In an air brake system, extremely powerful springs keep the brakes applied at all times. That is, at rest, the brakes are normally applied. Air pressure is used to release the brakes by compressing powerful springs, and thus keep them off of the braking surfaces. Air pressure is maintained by an air compressor system, which includes a pressure tank. When air leaks out of an air break system, the brakes begin to close (high tension springs begin to place pressure upon) the braking surfaces. In other words, no air pressure = brakes are applied.

Naturally, as any story develops, more details and commentary emerge. This story is no different.

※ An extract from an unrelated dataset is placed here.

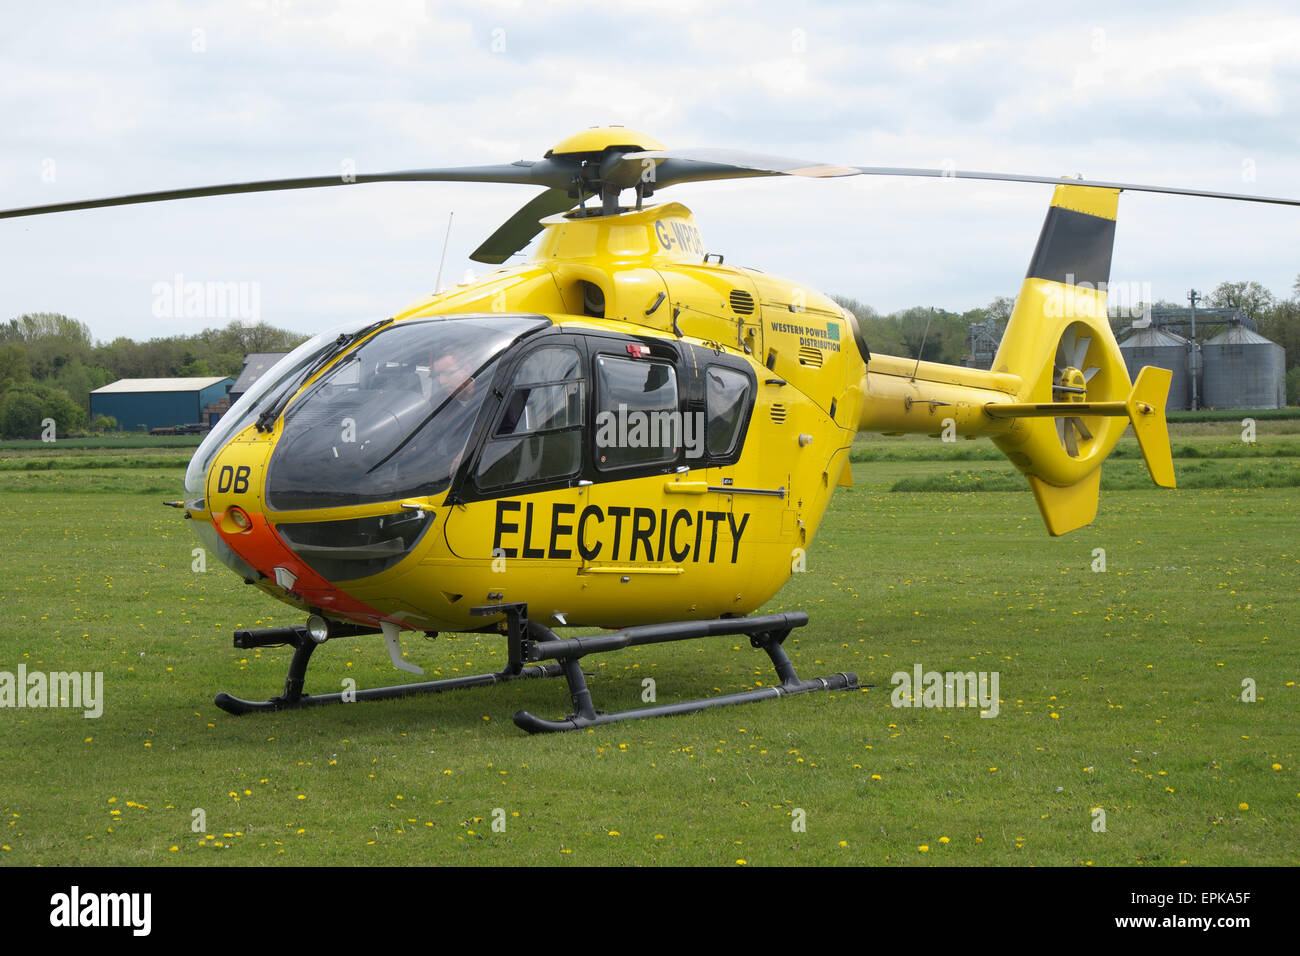 WPD Western Power Distribution hélicoptère EC 135 utilisé pour vérifier les fils d'alimentation de l'électricité lignes et pylônes électriques au Royaume-Uni Banque D'Images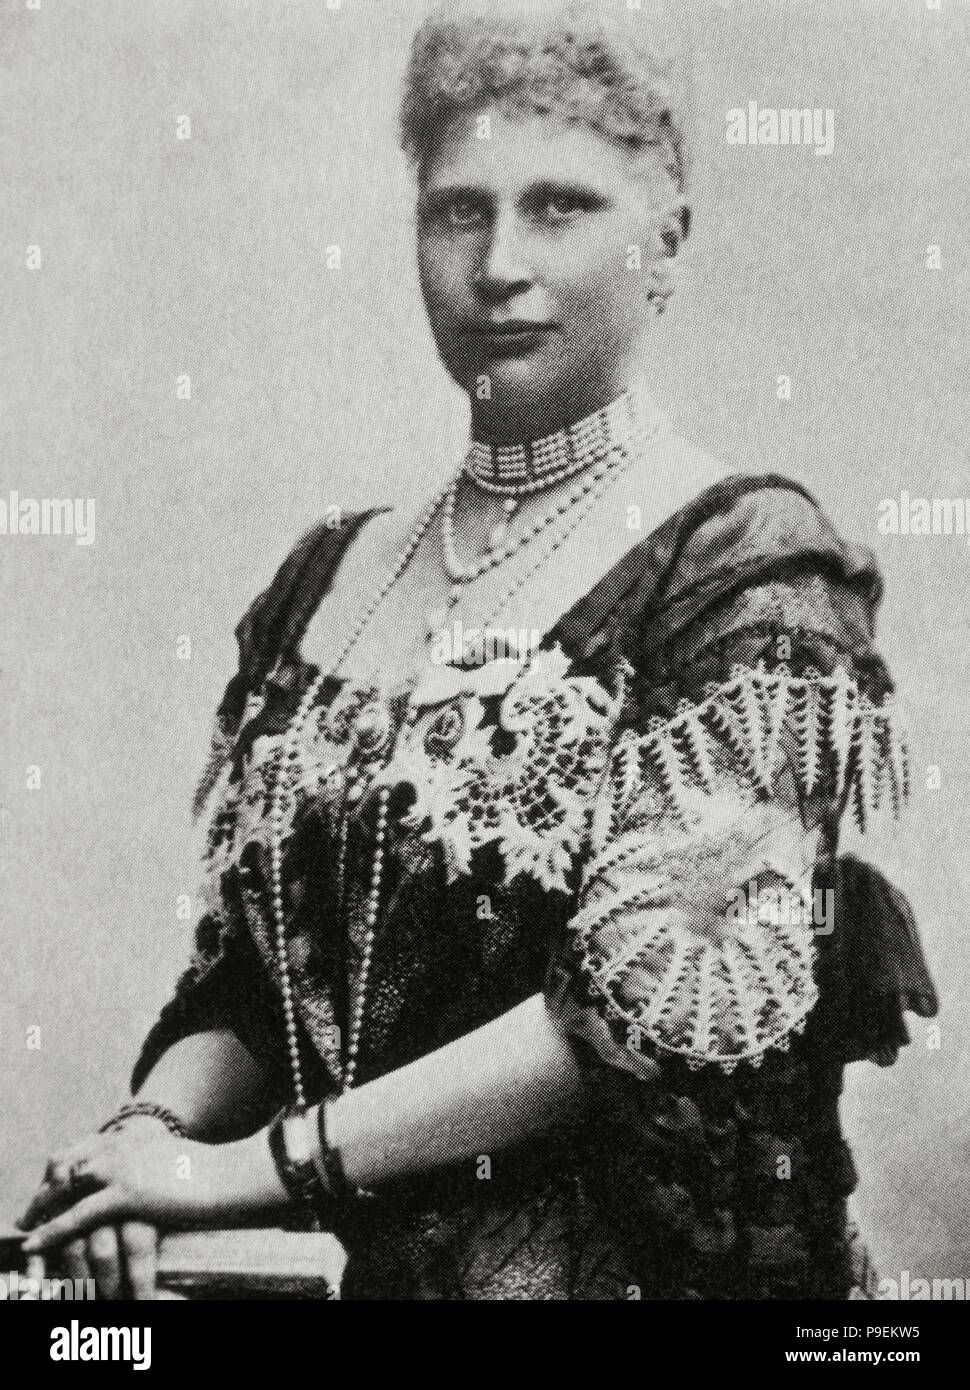 Louise von Schweden (1851-1926). Königin von Dänemark als die Frau von König Friedrich VIII. Porträt. Fotografie. Stockfoto

In a story published July 8, 2013, Ed Burkhardt, Chairman of the Montreal, Maine & Atlantic Railway, said the train company has evidence that the train was tampered. Speaking to news cadre, he said, “We have evidence of this. But this is an item that needs further investigation. We need to talk to some people we believe to have knowledge of this. We want to know what they know. There are a number of missing pieces here … but we’d like to have a complete idea about the cause. We are prepared to go in and do this very quickly; as soon as we can gain access to people and to the site.”

However, he did say that he did not believe the tragedy was the result of malicious pranksters, or terrorists.

What remains curious is how the brakes were released.

For the brakes to be released, they had to have been ACTIVELY released, because of their fail safe nature.

And, if the train was inspected after the fire, and all systems were found in perfect working order – as was reported – one would imagine the Inspector would have noticed any anomaly, or problem, and any such problem would have arisen AFTER the inspector departed.

That’s why I question if this act was sabotage.